Female Inheritors of Hawthorne's New England Literary Tradition

Adams, Dana W. (Dana Wills) 08 1900 (has links)
Nineteenth-century women were a mainstay in the New England literary tradition, both as readers and authors. Indeed, women were a large part of a growing reading public, a public that distanced itself from Puritanism and developed an appetite for novels and magazine short stories. It was a culture that survived in spite of patriarchal domination of the female in social and literary status. This dissertation is a study of selected works from Nathaniel Hawthorne, Sarah Orne Jewett, and Mary E. Wilkins Freeman that show their fiction as a protest against a patriarchal society.
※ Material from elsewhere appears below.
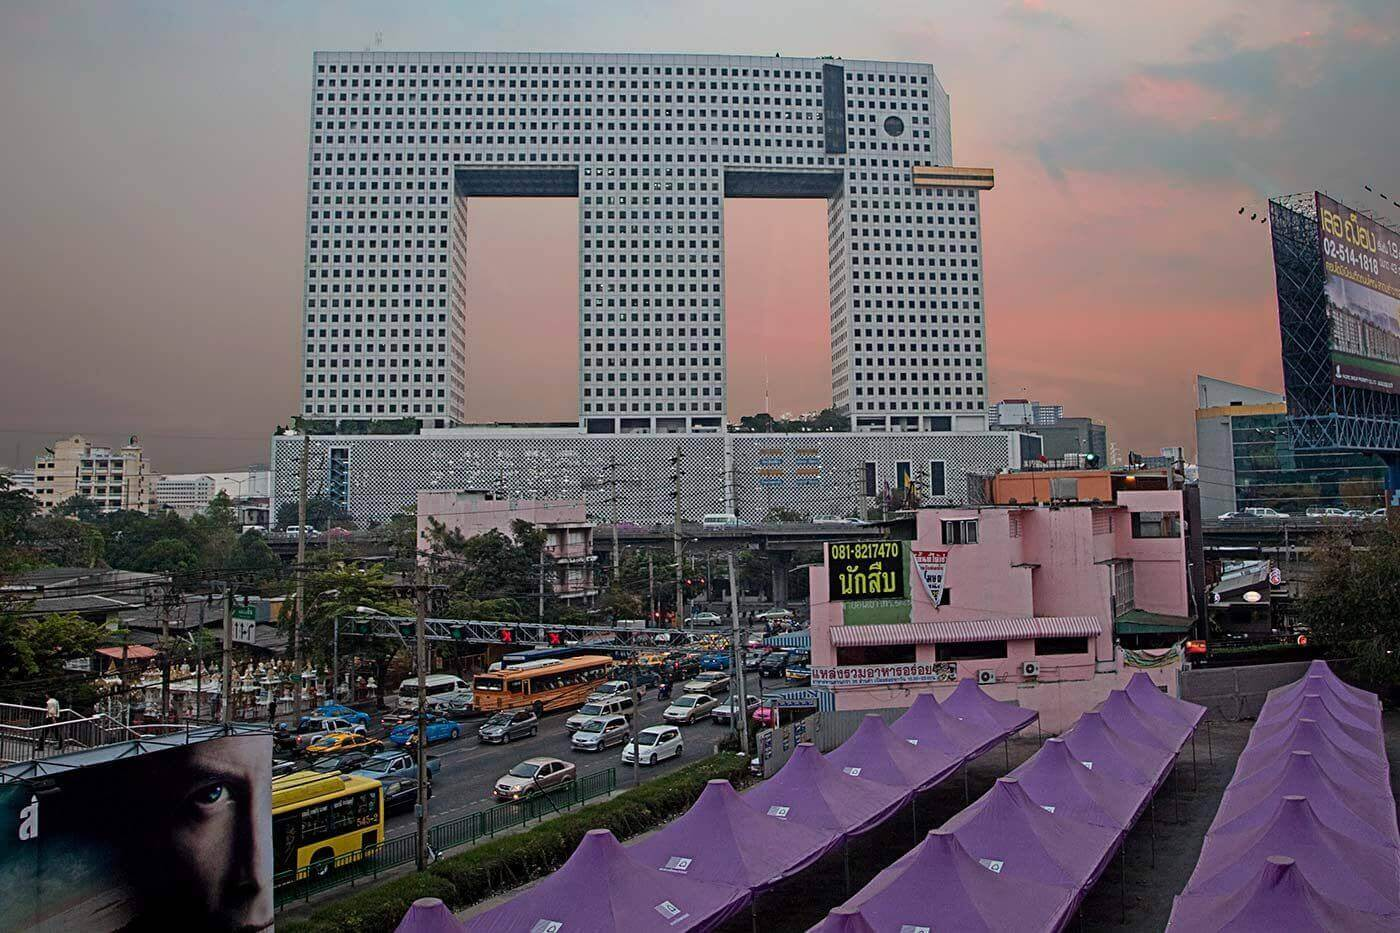 The Elephant Building

The premise of this study is based on analyzing these works from a protest (not necessarily a feminist) view, which leads to these conclusions: rejection of the male suitor and of marriage was a protest against patriarchal institutions that purposely restricted females from realizing their potential. Furthermore, it is often the case that industrialism and abuses of male authority in selected works by Jewett and Freeman are symbols of male-driven forces that oppose the autonomy of the female. Thus my argument is that protest fiction of the nineteenth century quietly promulgates an agenda of independence for the female. It is an agenda that encourages the woman to operate beyond standard stereotypes furthered by patriarchal attitudes. I assert that Jewett and Freeman are, in fact, inheritors of Hawthorne's literary tradition, which spawned the first fully-developed, independent American heroine: Hester Prynne.